Уайтакер оторвала взгляд от сына, повернулась к руководителю лаборатории. В её бледно-голубых глазах был уже не холод – откровенная враждебность.
– Да.
– Мне стало известно, что в лаборатории самовольно введено казарменное положение. Это недопустимое нарушение прав и свобод сотрудников. Это первое. Второе. В лаборатории проводятся эксперименты, выходящие за рамки рабочего плана. Не исключено, представляющие угрозу для сотрудников и всех жителей города.
Уайтакер обвела взглядом присутствующих. Хотела увидеть реакцию? Все молчали, ожидая продолжения.

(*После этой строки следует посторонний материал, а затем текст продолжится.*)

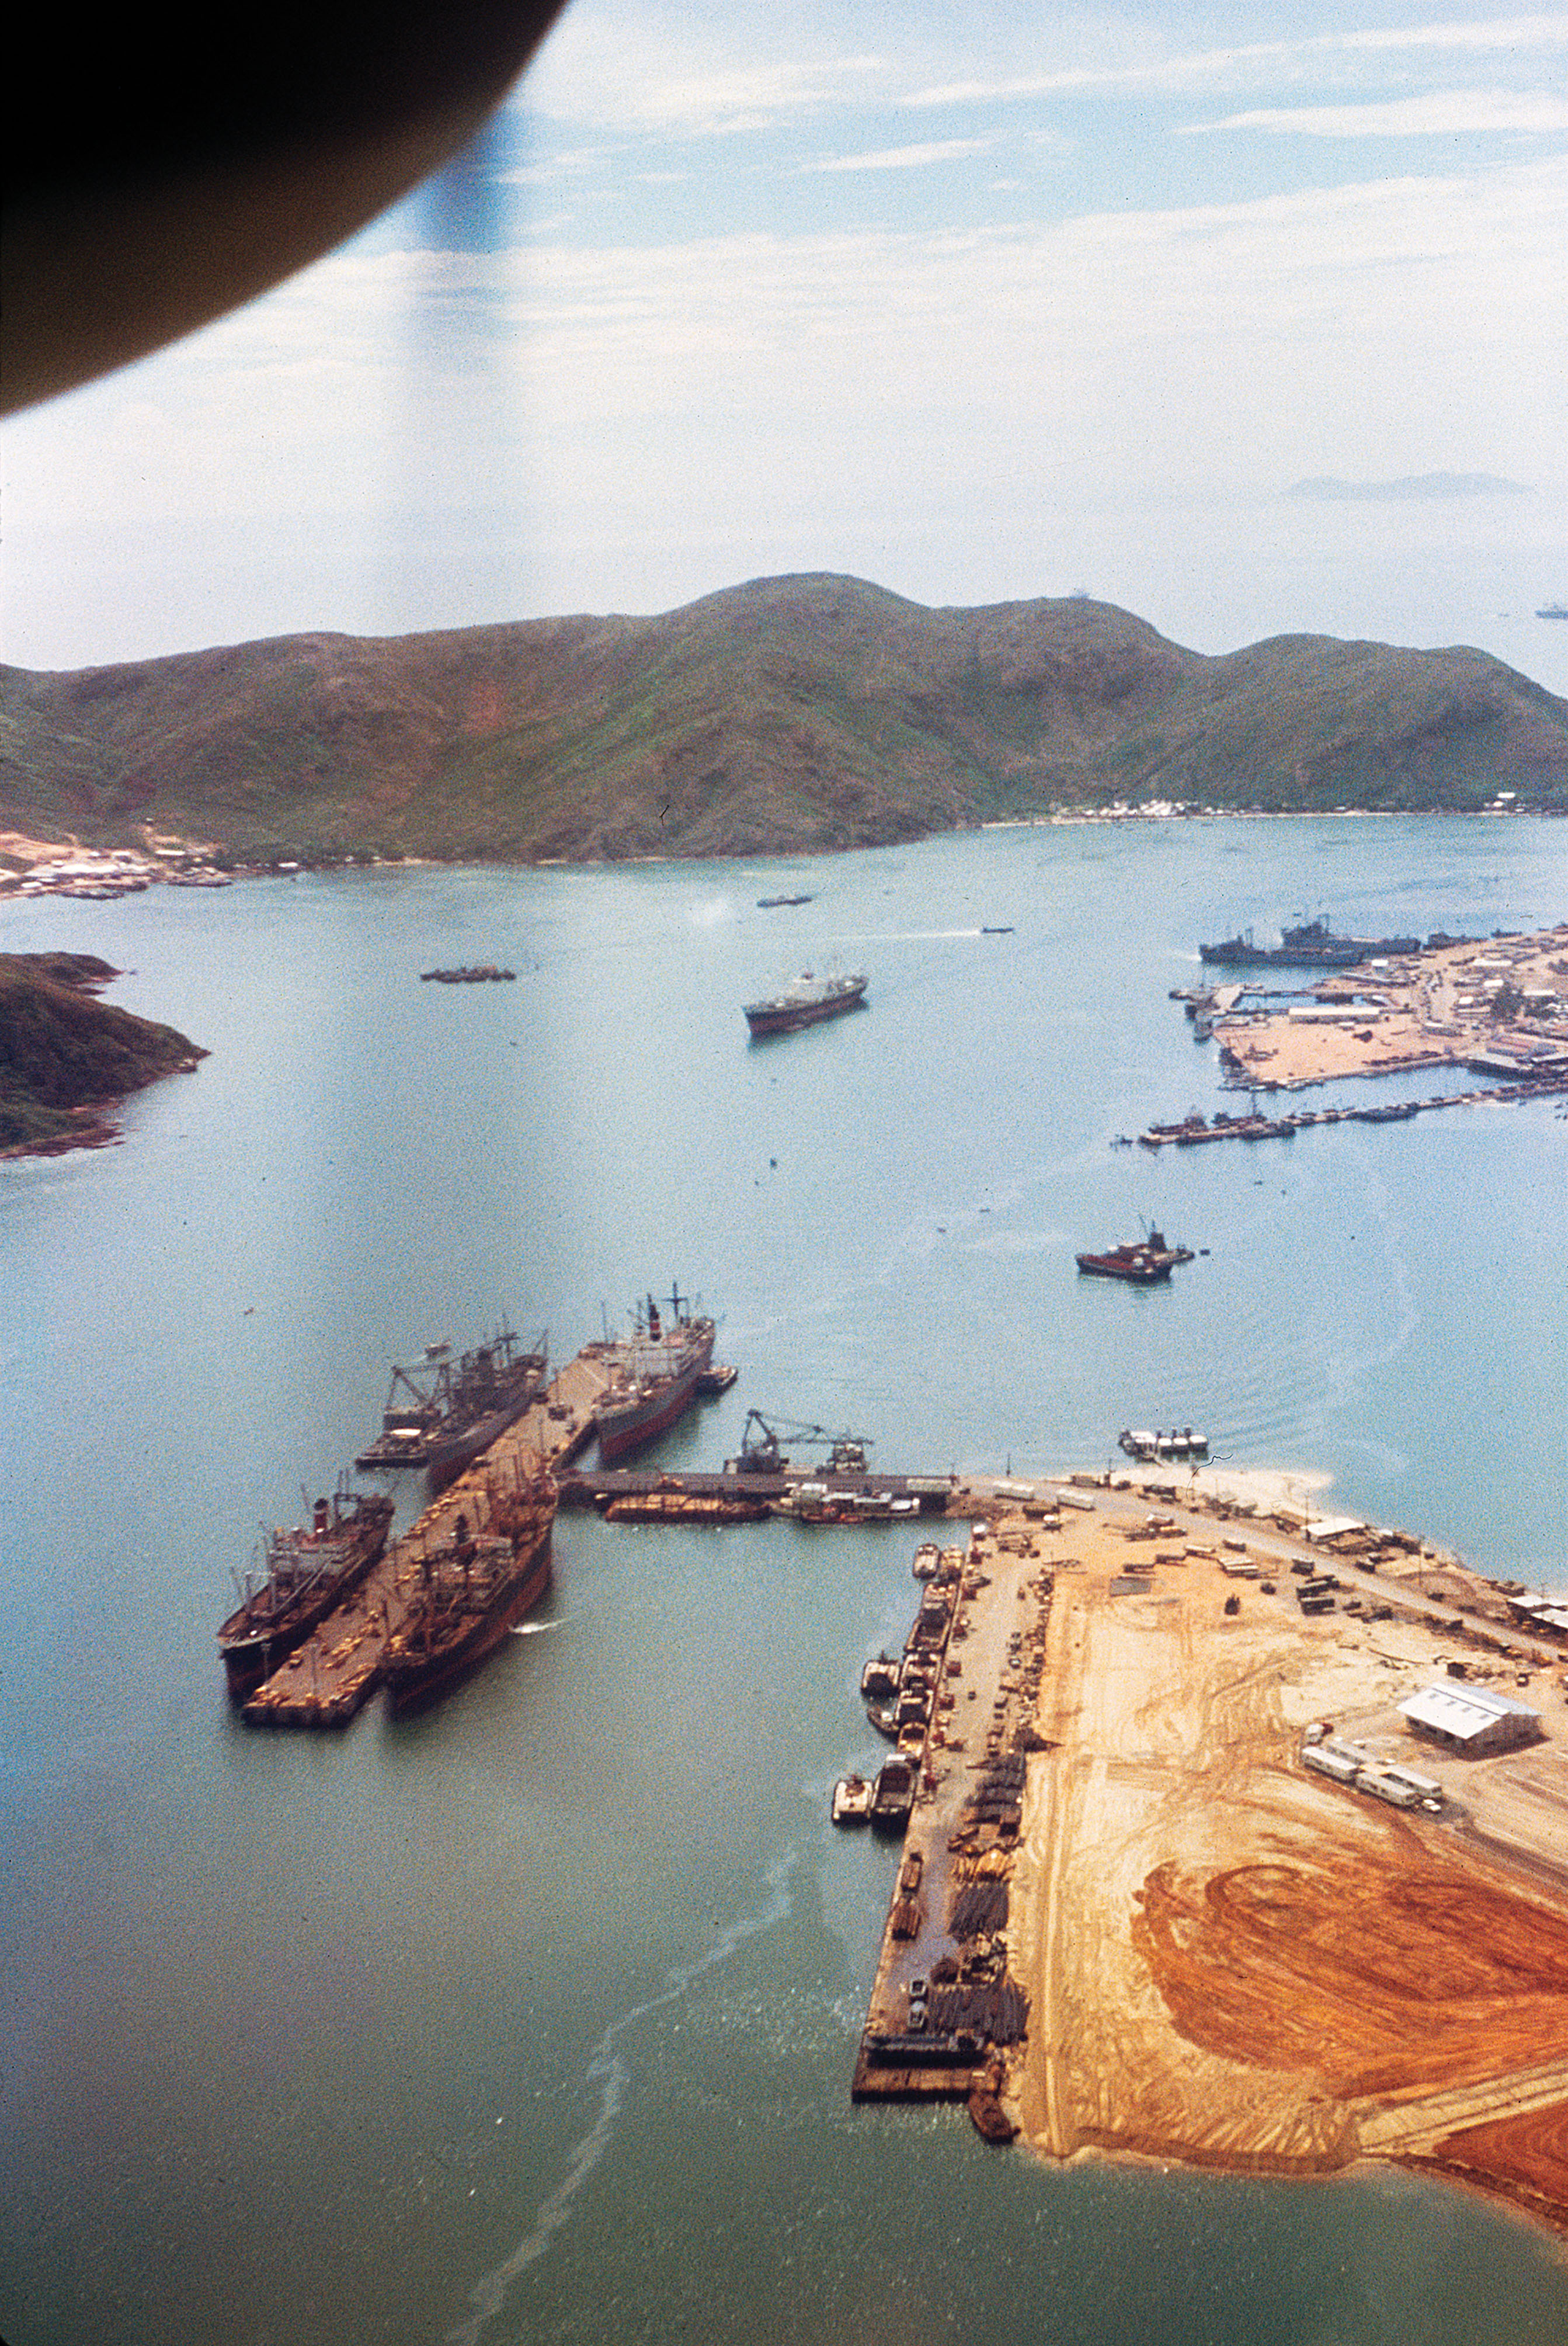 The harbor at Cam Ranh Bay c. 1967. The harbor was a major supply center for U.S. and allied troops. Heavy damage there would have severely hindered military operations. / AWM P02060.07

– Исходя из этого, я немедленно приостанавливаю деятельность лаборатории. В течение суток Гилл обязана подготовить и представить мне отчёт о том, что здесь происходит в действительности. После этого я решу, чем лаборатория будет заниматься дальше. Если будет. Сейчас все свободны, могут расходиться по домам. Чтобы не возникло искушения ослушаться, город прекращает подачу энергии на лабораторный компьютер и оборудование. Здесь остаётся постоянный пост охраны. Всё!
– Вы не имеете права! Мы не подчиняемся вашему самозваному «совету»! – Ивон не успела перехватить мужа. Мюррей ринулся к губернатору и тут же наткнулся на стволы бластеров.
– Пол, не нужно!
У Наты зазвенело в ушах от напряжения. Но права на слабость у неё не было. Главное – не допустить стычки. Она шагнула между Уайтакер и Мюрреем: – Губернатор, мы выполним ваше распоряжение.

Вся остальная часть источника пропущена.